▶ About this exercise
Only an exact repetition of all the entries will be accepted.
Record set Start Marker
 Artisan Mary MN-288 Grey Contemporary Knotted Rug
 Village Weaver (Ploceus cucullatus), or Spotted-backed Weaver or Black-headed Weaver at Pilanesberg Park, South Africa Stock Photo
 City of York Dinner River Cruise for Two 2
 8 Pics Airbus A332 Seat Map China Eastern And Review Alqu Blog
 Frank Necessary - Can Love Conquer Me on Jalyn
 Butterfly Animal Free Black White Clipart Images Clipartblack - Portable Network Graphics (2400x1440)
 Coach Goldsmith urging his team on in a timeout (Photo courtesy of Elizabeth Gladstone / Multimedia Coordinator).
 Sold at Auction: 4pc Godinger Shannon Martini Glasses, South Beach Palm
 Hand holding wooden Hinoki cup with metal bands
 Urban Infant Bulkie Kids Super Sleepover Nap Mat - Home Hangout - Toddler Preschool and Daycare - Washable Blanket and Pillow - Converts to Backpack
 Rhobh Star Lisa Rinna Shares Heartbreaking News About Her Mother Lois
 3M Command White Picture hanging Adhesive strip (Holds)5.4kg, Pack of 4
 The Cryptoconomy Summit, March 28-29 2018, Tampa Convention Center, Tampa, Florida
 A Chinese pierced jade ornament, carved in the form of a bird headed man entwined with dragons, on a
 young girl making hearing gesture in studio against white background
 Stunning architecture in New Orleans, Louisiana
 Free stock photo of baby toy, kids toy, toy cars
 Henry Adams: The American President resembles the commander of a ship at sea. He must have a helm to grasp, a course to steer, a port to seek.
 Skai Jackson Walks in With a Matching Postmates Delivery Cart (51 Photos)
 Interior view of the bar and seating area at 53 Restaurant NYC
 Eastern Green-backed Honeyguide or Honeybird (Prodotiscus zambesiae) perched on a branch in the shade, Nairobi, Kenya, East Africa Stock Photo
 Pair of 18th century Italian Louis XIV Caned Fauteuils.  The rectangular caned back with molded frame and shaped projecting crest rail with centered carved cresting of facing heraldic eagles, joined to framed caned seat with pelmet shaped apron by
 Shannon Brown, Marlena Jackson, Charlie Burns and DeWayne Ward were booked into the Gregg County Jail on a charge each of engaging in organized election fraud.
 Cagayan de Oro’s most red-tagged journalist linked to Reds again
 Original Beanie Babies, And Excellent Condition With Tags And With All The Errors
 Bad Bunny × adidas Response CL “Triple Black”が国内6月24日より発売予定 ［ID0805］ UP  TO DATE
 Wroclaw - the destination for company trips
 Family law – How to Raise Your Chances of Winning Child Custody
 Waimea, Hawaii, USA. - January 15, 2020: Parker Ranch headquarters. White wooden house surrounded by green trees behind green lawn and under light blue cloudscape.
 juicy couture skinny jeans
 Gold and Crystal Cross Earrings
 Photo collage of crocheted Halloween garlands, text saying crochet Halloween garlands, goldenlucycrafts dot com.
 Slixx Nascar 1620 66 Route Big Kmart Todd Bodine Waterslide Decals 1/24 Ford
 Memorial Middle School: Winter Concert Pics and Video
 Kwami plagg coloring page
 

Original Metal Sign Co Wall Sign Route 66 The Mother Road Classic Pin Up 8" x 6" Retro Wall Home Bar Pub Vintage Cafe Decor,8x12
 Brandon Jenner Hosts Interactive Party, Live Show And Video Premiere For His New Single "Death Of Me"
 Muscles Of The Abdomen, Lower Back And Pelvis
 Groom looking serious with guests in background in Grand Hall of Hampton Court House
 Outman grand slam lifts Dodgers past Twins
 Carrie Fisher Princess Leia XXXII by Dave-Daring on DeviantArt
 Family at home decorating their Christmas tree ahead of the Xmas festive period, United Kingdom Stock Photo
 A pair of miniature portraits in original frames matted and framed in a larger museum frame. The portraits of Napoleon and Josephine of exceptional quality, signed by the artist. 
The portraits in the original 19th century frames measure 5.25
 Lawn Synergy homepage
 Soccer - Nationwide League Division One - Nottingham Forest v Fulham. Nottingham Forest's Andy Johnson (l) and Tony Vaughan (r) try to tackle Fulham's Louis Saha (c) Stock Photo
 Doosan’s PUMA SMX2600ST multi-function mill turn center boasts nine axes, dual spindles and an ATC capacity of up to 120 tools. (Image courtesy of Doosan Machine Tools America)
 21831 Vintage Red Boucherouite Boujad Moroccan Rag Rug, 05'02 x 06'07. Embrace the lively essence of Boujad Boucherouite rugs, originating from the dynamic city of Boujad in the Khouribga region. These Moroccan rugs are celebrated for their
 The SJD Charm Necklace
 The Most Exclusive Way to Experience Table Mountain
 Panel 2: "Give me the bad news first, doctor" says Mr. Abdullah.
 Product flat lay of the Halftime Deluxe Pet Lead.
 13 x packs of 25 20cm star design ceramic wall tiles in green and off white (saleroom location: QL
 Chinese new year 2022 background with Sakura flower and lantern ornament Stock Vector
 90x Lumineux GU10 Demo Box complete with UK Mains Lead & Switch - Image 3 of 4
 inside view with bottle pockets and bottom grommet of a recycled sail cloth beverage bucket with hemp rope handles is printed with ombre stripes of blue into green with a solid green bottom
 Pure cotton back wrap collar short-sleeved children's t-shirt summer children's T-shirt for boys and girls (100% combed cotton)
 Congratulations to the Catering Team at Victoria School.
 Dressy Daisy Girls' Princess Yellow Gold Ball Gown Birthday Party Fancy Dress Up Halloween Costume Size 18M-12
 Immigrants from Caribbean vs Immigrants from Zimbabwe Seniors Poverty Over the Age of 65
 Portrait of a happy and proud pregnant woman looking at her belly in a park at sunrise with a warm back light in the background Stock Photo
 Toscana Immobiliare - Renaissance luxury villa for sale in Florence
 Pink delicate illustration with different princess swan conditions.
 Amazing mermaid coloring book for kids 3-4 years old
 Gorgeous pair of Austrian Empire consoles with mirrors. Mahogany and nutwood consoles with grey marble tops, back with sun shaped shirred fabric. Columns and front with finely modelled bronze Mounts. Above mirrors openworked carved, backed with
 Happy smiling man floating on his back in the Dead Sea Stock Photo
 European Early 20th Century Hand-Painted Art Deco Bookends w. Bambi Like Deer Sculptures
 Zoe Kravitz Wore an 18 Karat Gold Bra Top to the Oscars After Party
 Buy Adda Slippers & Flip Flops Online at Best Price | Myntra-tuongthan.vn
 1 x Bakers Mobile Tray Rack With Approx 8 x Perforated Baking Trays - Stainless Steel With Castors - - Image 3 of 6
Record set End Marker
▶ Final answer
 Artisan Mary MN-288 Grey Contemporary Knotted Rug
 Village Weaver (Ploceus cucullatus), or Spotted-backed Weaver or Black-headed Weaver at Pilanesberg Park, South Africa Stock Photo
 City of York Dinner River Cruise for Two 2
 8 Pics Airbus A332 Seat Map China Eastern And Review Alqu Blog
 Frank Necessary - Can Love Conquer Me on Jalyn
 Butterfly Animal Free Black White Clipart Images Clipartblack - Portable Network Graphics (2400x1440)
 Coach Goldsmith urging his team on in a timeout (Photo courtesy of Elizabeth Gladstone / Multimedia Coordinator).
 Sold at Auction: 4pc Godinger Shannon Martini Glasses, South Beach Palm
 Hand holding wooden Hinoki cup with metal bands
 Urban Infant Bulkie Kids Super Sleepover Nap Mat - Home Hangout - Toddler Preschool and Daycare - Washable Blanket and Pillow - Converts to Backpack
 Rhobh Star Lisa Rinna Shares Heartbreaking News About Her Mother Lois
 3M Command White Picture hanging Adhesive strip (Holds)5.4kg, Pack of 4
 The Cryptoconomy Summit, March 28-29 2018, Tampa Convention Center, Tampa, Florida
 A Chinese pierced jade ornament, carved in the form of a bird headed man entwined with dragons, on a
 young girl making hearing gesture in studio against white background
 Stunning architecture in New Orleans, Louisiana
 Free stock photo of baby toy, kids toy, toy cars
 Henry Adams: The American President resembles the commander of a ship at sea. He must have a helm to grasp, a course to steer, a port to seek.
 Skai Jackson Walks in With a Matching Postmates Delivery Cart (51 Photos)
 Interior view of the bar and seating area at 53 Restaurant NYC
 Eastern Green-backed Honeyguide or Honeybird (Prodotiscus zambesiae) perched on a branch in the shade, Nairobi, Kenya, East Africa Stock Photo
 Pair of 18th century Italian Louis XIV Caned Fauteuils.  The rectangular caned back with molded frame and shaped projecting crest rail with centered carved cresting of facing heraldic eagles, joined to framed caned seat with pelmet shaped apron by
 Shannon Brown, Marlena Jackson, Charlie Burns and DeWayne Ward were booked into the Gregg County Jail on a charge each of engaging in organized election fraud.
 Cagayan de Oro’s most red-tagged journalist linked to Reds again
 Original Beanie Babies, And Excellent Condition With Tags And With All The Errors
 Bad Bunny × adidas Response CL “Triple Black”が国内6月24日より発売予定 ［ID0805］ UP  TO DATE
 Wroclaw - the destination for company trips
 Family law – How to Raise Your Chances of Winning Child Custody
 Waimea, Hawaii, USA. - January 15, 2020: Parker Ranch headquarters. White wooden house surrounded by green trees behind green lawn and under light blue cloudscape.
 juicy couture skinny jeans
 Gold and Crystal Cross Earrings
 Photo collage of crocheted Halloween garlands, text saying crochet Halloween garlands, goldenlucycrafts dot com.
 Slixx Nascar 1620 66 Route Big Kmart Todd Bodine Waterslide Decals 1/24 Ford
 Memorial Middle School: Winter Concert Pics and Video
 Kwami plagg coloring page
 

Original Metal Sign Co Wall Sign Route 66 The Mother Road Classic Pin Up 8" x 6" Retro Wall Home Bar Pub Vintage Cafe Decor,8x12
 Brandon Jenner Hosts Interactive Party, Live Show And Video Premiere For His New Single "Death Of Me"
 Muscles Of The Abdomen, Lower Back And Pelvis
 Groom looking serious with guests in background in Grand Hall of Hampton Court House
 Outman grand slam lifts Dodgers past Twins
 Carrie Fisher Princess Leia XXXII by Dave-Daring on DeviantArt
 Family at home decorating their Christmas tree ahead of the Xmas festive period, United Kingdom Stock Photo
 A pair of miniature portraits in original frames matted and framed in a larger museum frame. The portraits of Napoleon and Josephine of exceptional quality, signed by the artist. 
The portraits in the original 19th century frames measure 5.25
 Lawn Synergy homepage
 Soccer - Nationwide League Division One - Nottingham Forest v Fulham. Nottingham Forest's Andy Johnson (l) and Tony Vaughan (r) try to tackle Fulham's Louis Saha (c) Stock Photo
 Doosan’s PUMA SMX2600ST multi-function mill turn center boasts nine axes, dual spindles and an ATC capacity of up to 120 tools. (Image courtesy of Doosan Machine Tools America)
 21831 Vintage Red Boucherouite Boujad Moroccan Rag Rug, 05'02 x 06'07. Embrace the lively essence of Boujad Boucherouite rugs, originating from the dynamic city of Boujad in the Khouribga region. These Moroccan rugs are celebrated for their
 The SJD Charm Necklace
 The Most Exclusive Way to Experience Table Mountain
 Panel 2: "Give me the bad news first, doctor" says Mr. Abdullah.
 Product flat lay of the Halftime Deluxe Pet Lead.
 13 x packs of 25 20cm star design ceramic wall tiles in green and off white (saleroom location: QL
 Chinese new year 2022 background with Sakura flower and lantern ornament Stock Vector
 90x Lumineux GU10 Demo Box complete with UK Mains Lead & Switch - Image 3 of 4
 inside view with bottle pockets and bottom grommet of a recycled sail cloth beverage bucket with hemp rope handles is printed with ombre stripes of blue into green with a solid green bottom
 Pure cotton back wrap collar short-sleeved children's t-shirt summer children's T-shirt for boys and girls (100% combed cotton)
 Congratulations to the Catering Team at Victoria School.
 Dressy Daisy Girls' Princess Yellow Gold Ball Gown Birthday Party Fancy Dress Up Halloween Costume Size 18M-12
 Immigrants from Caribbean vs Immigrants from Zimbabwe Seniors Poverty Over the Age of 65
 Portrait of a happy and proud pregnant woman looking at her belly in a park at sunrise with a warm back light in the background Stock Photo
 Toscana Immobiliare - Renaissance luxury villa for sale in Florence
 Pink delicate illustration with different princess swan conditions.
 Amazing mermaid coloring book for kids 3-4 years old
 Gorgeous pair of Austrian Empire consoles with mirrors. Mahogany and nutwood consoles with grey marble tops, back with sun shaped shirred fabric. Columns and front with finely modelled bronze Mounts. Above mirrors openworked carved, backed with
 Happy smiling man floating on his back in the Dead Sea Stock Photo
 European Early 20th Century Hand-Painted Art Deco Bookends w. Bambi Like Deer Sculptures
 Zoe Kravitz Wore an 18 Karat Gold Bra Top to the Oscars After Party
 Buy Adda Slippers & Flip Flops Online at Best Price | Myntra-tuongthan.vn
 1 x Bakers Mobile Tray Rack With Approx 8 x Perforated Baking Trays - Stainless Steel With Castors - - Image 3 of 6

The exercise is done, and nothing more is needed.